Seven years later, Apple admitted that the dates of many
options grants had been chosen after the prices have already grown, and that documents showing that the board of directors had approved the grants on the dates chosen had in some cases been fabricated.
“Forensic Finance” (Ritter, J. R. (2008))
Why do companies Backdate their Employee Options?
Reasons for backdating:
1) If managers receive cheap options, they receive an increased value directly if and when the options are exercised;
2) If employees expect to receive cheap options, they should be willing to accept lower direct wages because the options will give them high returns anyways. Lowering wages lowers reported employee compensation expense and boosts
reported profits;
3) When backdated options are exercised, the realized value of the options is deductible from taxable income, lowering the company’s tax bill and conserving corporate cash.
Offsetting this last effect, however, is the fact that the company receives less cash from a lower exercise price.
“Forensic Finance” (Ritter, J. R. (2008))
How does Spinning of IPOs violate the law?
IPO Spinning is a practice of an investment bank offering under-priced shares of a company’s initial public offerings to the senior executives of a third party company in exchange for future business with the investment bank.
Because of the underpriced shares, bookrunners make
greater profits on an initial public offering if the company being sold allows greater underpricing, as an
underpriced IPO leaves money on the table.
This conflict of interest was a relatively common way for investment banks to attract new clients in the past, but has since been prohibited.
“Forensic Finance” (Ritter, J. R. (2008))

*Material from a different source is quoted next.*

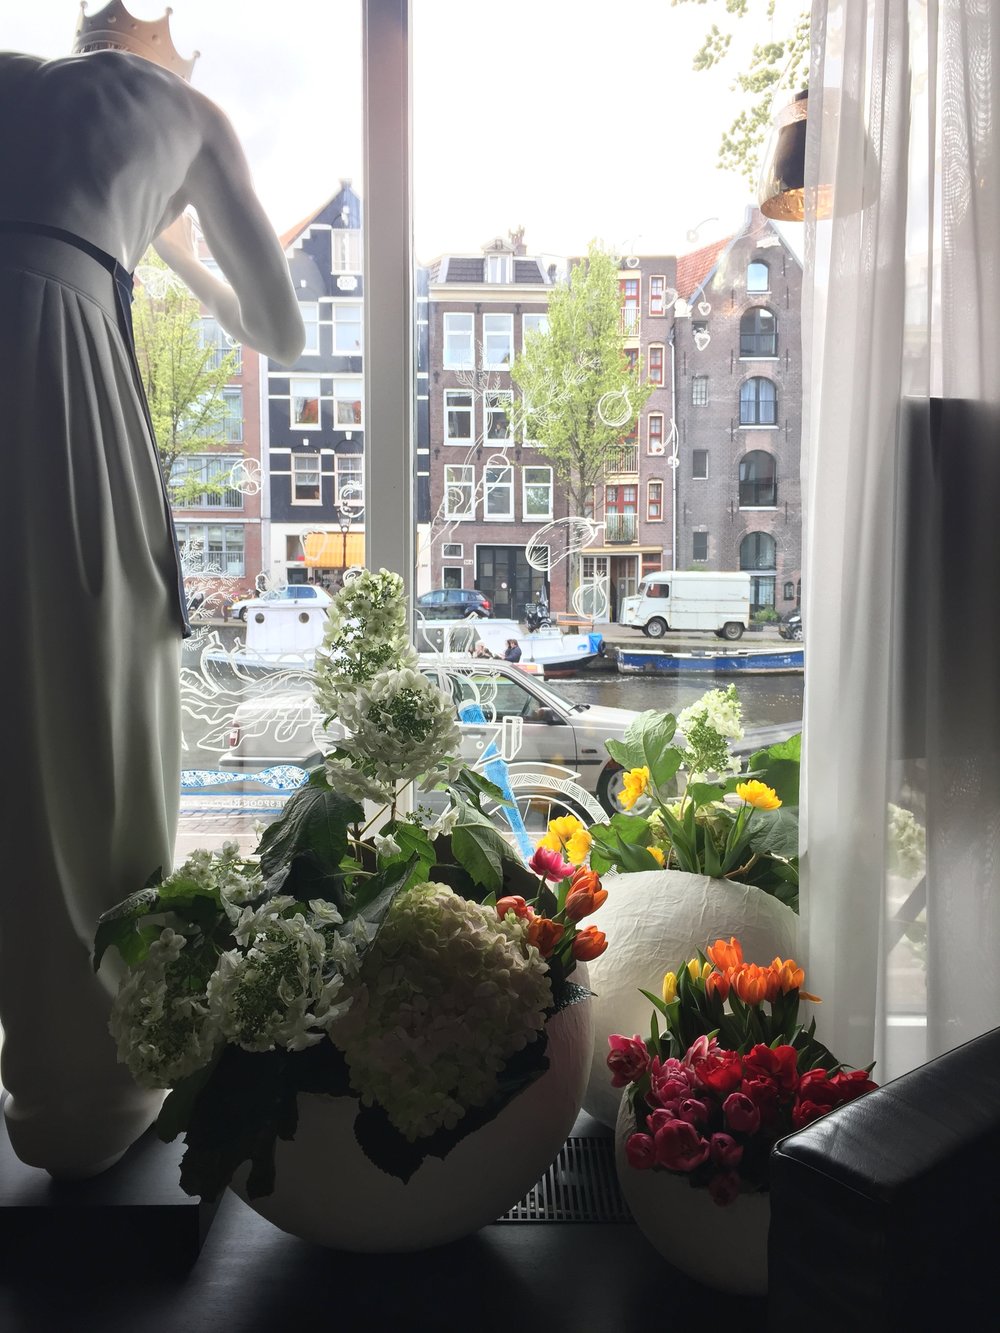 . . . . . #apbloem #florist #amsterdam #bloemist #kerkstraat #bloemen #stijl #styling #floristry #bloemenwinkel #floral #artisan #boutique #kleur #colour #lifestyle #lente #spring #dsfloral #nature #eggs #easter #tulips #luxury #marcelwanders #paasd…

How does Rewriting the History of Market
Recommendations violate the law?
Background:
There is a trend - when all stocks are rising, recommendations will be more bullish (i.e. optimistic) on average, and the other way around, so when things go south, there’s an incentive to discreetly rewrite the overly-optimistic forecasts to protect analyst’s reputation.
What happened?
Downloads from the I/B/E/S recommendation database obtained at different points in time were not identical, although all of the downloads referred to the same sample period.
Thomson Financial claimed that the changes in analyst recommendations were caused by a programming error during acquisitions. After changes had been
introduced to the platform, the quality of data was improved for the future.